Please also note, you would now need to choose the second command line override string instead of the first, because in DiskZIP 2018, the first command line override string again forces BCJ2 compression :)
I know, ironic! The customer is always right, and that’s what they wanted…
So please excuse the inconvenience caused by the inaccurate instructions - as you will see for yourself when you take a look at the custom compression strings though, the second one does engage 7-Zip’s automatic file detection filters.
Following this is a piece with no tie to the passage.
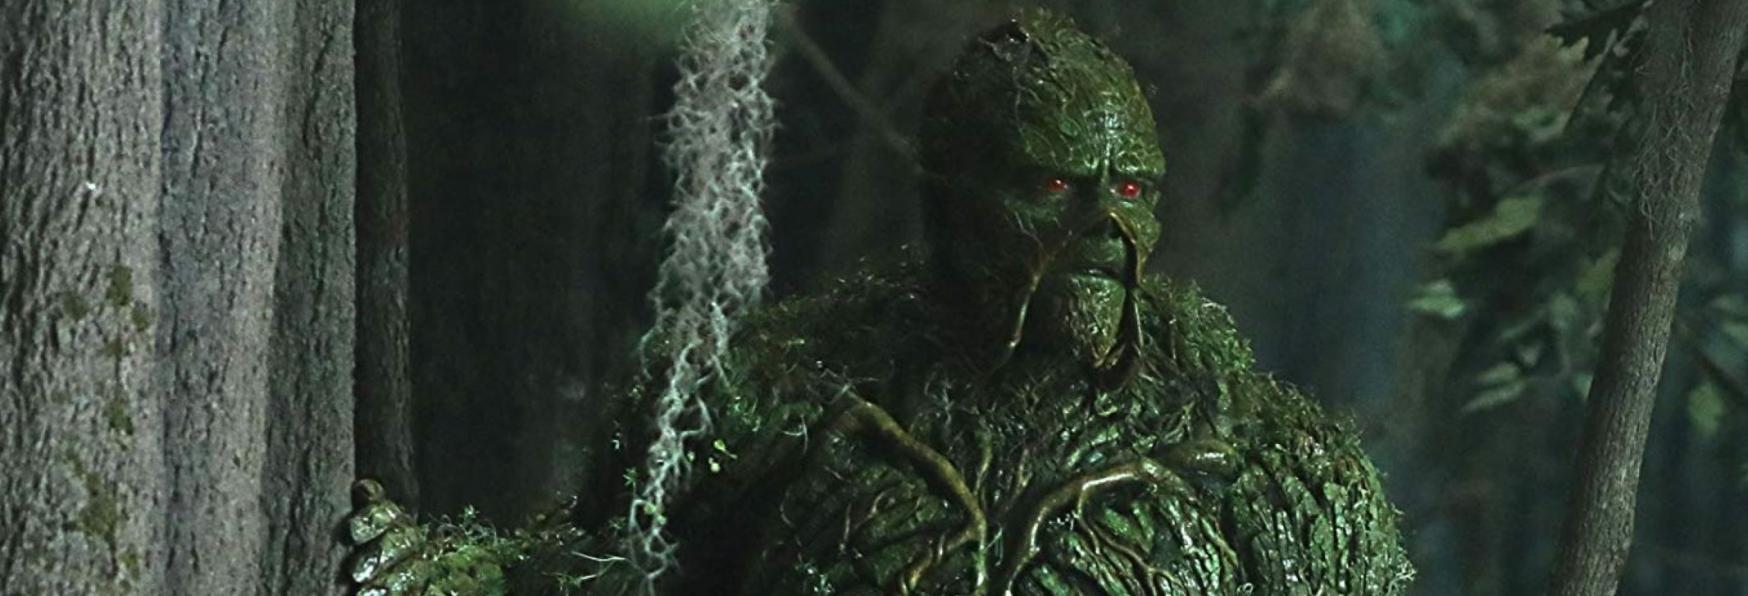 Swamp Thing: vedremo un Revival della Serie TV DC su HBO Max?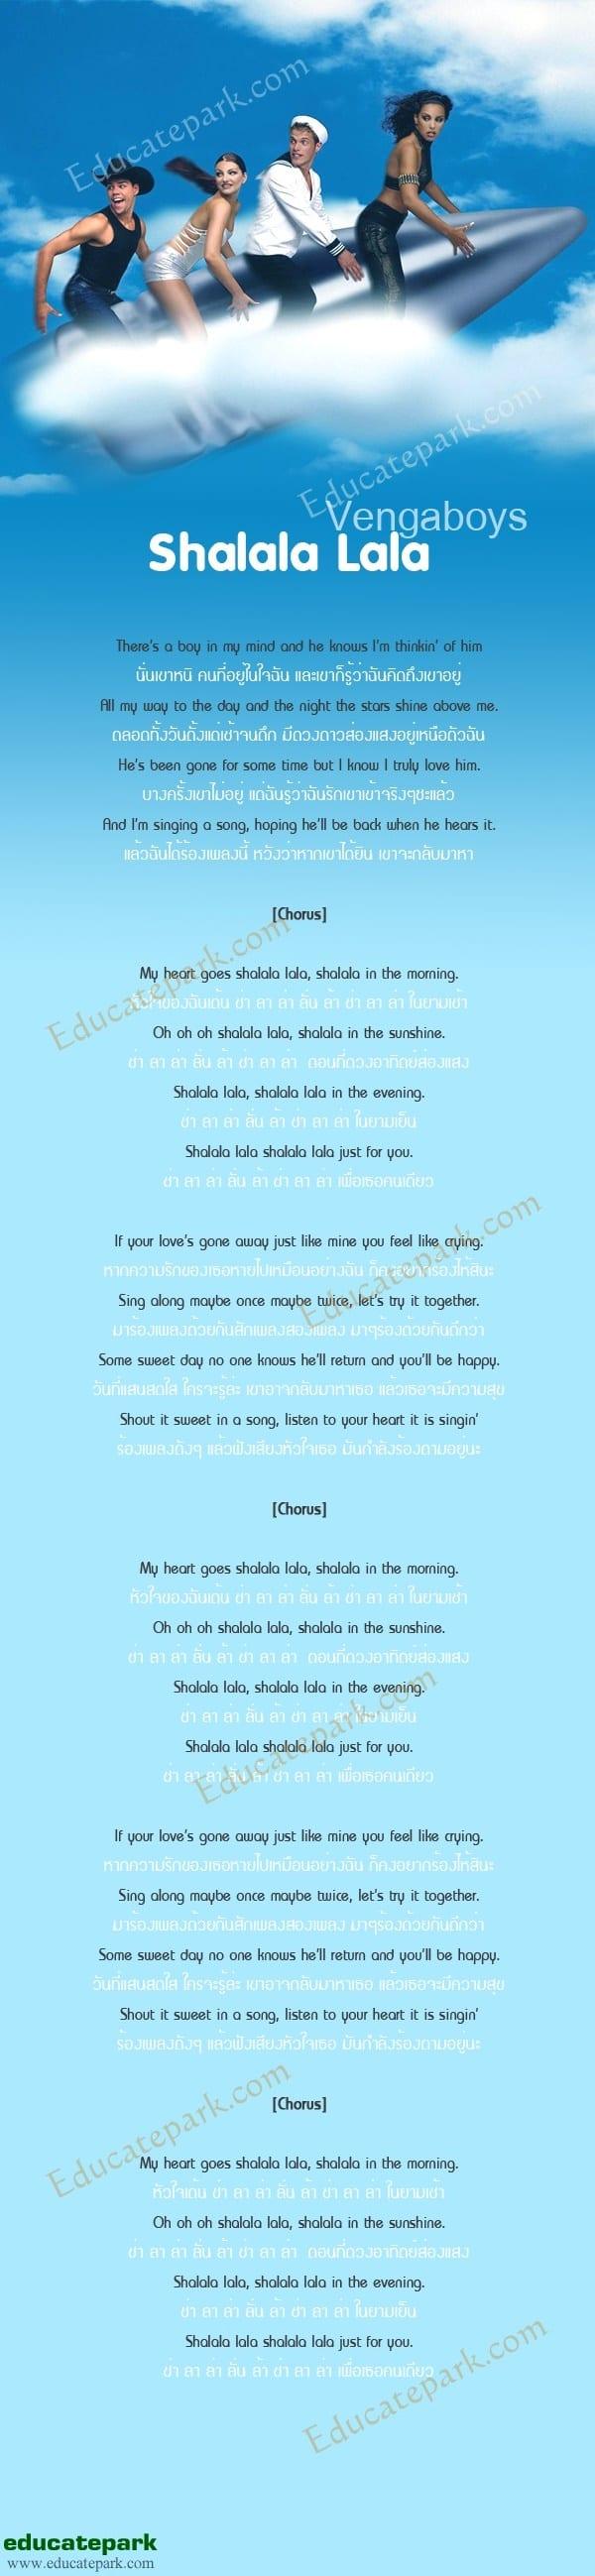 แปลเพลง Shalala lala - Vengaboys

I would like to thank you all once again, on behalf of the entire DiskZIP team, for your feedback - and we look forward to any further feedback you may have on the 2018 release. Wishing you all a great weekend!
-
@diskzip now we get PR releases on our forums, do you have a link to it so i can delete the huge post relevant mostly to your product?
-
@spwolf You are right, please excuse my enthusiasm. I have made the edit directly, please don’t hesitate to let me know if it is not satisfactory.
-
@spwolf Have you had a chance to test our native compression yet? Please note, as I described in my new release announcement post, to use an auto-switching filter, you now how to use the second command line override parameter (instead of the first as it was in the prior version). Thanks!
-
@diskzip whats native compression, 7z?
Did not have a chance to try new version yet, i might this week.
As to the PA format, our current record with simple/optimized setting is:
PA 17.01.03: 2,460,182 kB (d2G, mt1)
7zip max settings: 2,593,514 kB
Your sample: 2,600,325 kBWe adjusted extension groupings, added more extensions to the exe/dll group that our exe filters are applied to and added unlimited size blocks to get better compression on samples over 10GB.
I think we can do at least 20-30M better with current settings, not everything is still perfectly grouped together for this sample.
So currently around 130M better than best 7z settings, 136M better than dzip.